There is something inherent in a male submitting to a female that screams the male is humiliating himself in doing so. At least that is the way society view things. Yet, I do feel that myself. I feel that submitting to a female is a humiliating act. 

That has troubled me until I thought that submission itself is an act of humiliation, whether it’s male to Female, or female to Male, or otherwise. The humbling of oneself to be controlled by another. I guess that is humiliation.

This erotic humilation is, I believe, the foundation for my submission.  For whatever reason I get a thrill from it. 

What I'd like to know is if this thinking is solid or am I missing something?




SusanofO -> RE: Is submission humiliating? (6/27/2006 8:29:58 PM)

Some people like being humiliated (me, for instance). I haven't analyzed it all that much. Seriously, to me, there is nothing humiliating about submitting  - it feels totally natural. It makes me feel necessary (and protected; can't get enough of feeling protected I guess). So what if you're a guy? If you love it, you love it.  Go for it.

- Susan 




zenofeller -> RE: Is submission humiliating? (6/27/2006 8:30:24 PM)

i wouldn't say female submitting to male is socially humiliating, because historical accident has it that society agreed for most of it's history that is the proper place for any female. there are women still alive today that have in fact raised up with those ideas.
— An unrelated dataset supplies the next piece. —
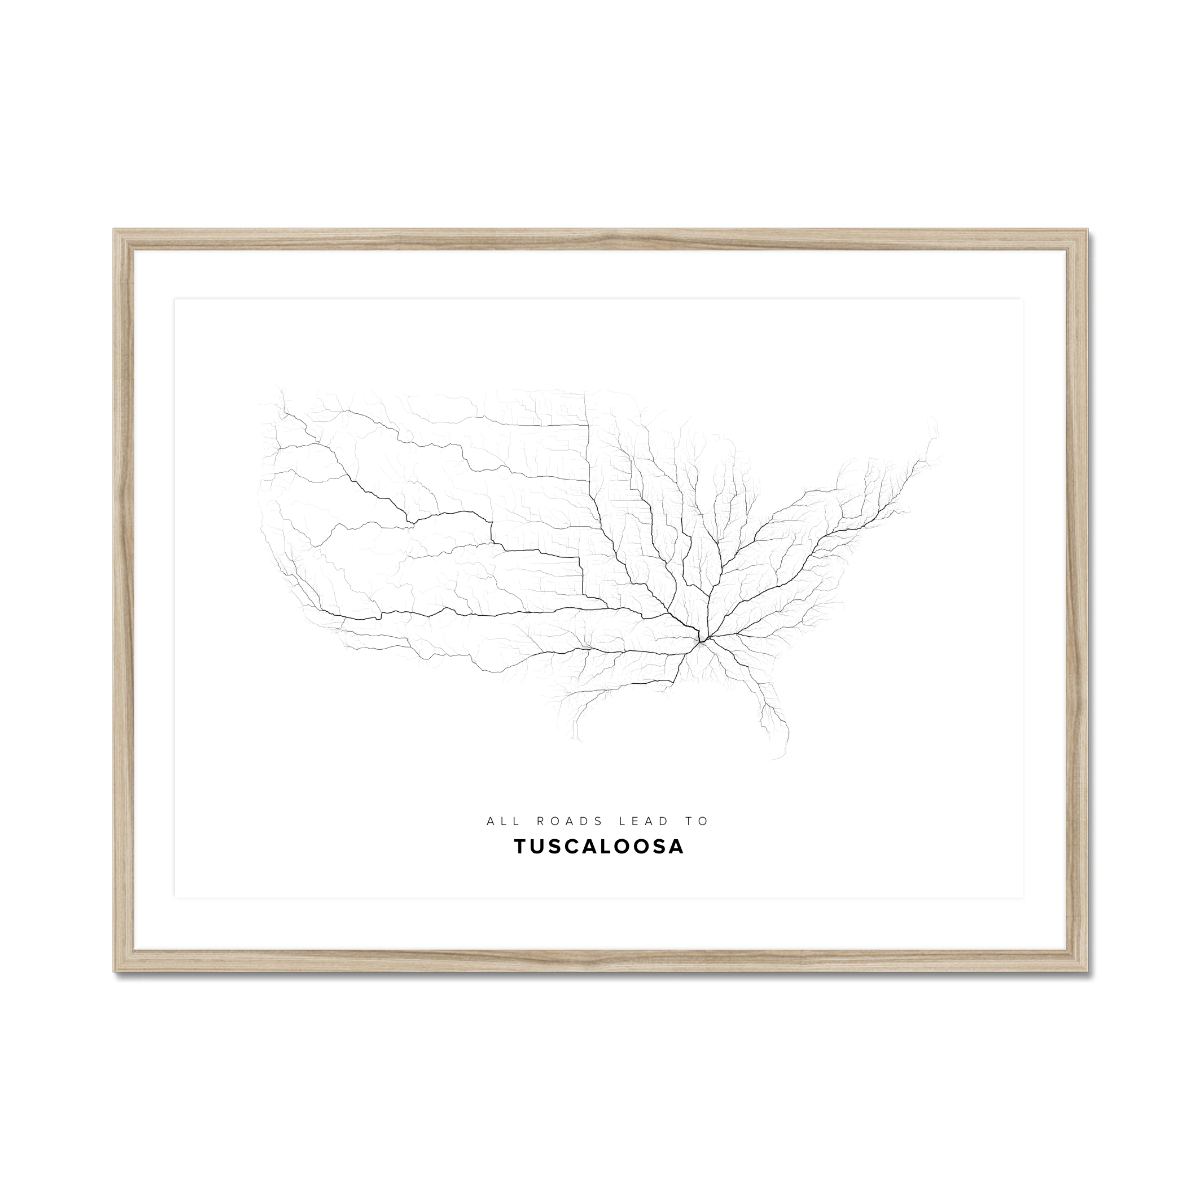 All roads lead to Tuscaloosa (United States of America) Fine Art Map Print

humiliation is a very difficult thing to talk about, because it's extremely ill defined. the common easy solution is to say each his own. as such, your thinking can not be but solid, as far as you limit it to yourself.

many people would agree with you, saying that humiliation is the foundation of their submission.

but you are probably missing something anyway.




Caretakr -> RE: Is submission humiliating? (6/27/2006 8:33:45 PM)

I know about this.

Humiliation as an excitement, is based on breaking societal condtioning. It sets one apart from the mainstream, thumbs a nose in the direction of stereotypes, and the politically correct.

It's freedom.




CrappyDom -> RE: Is submission humiliating? (6/27/2006 8:44:34 PM)

Teego,

While I have never taken a male submissive I have known quite a few.  The forms their submission take are highly varied.  Some are stoic, some bratty, some submit from a place of strength, others from a place of humiliation.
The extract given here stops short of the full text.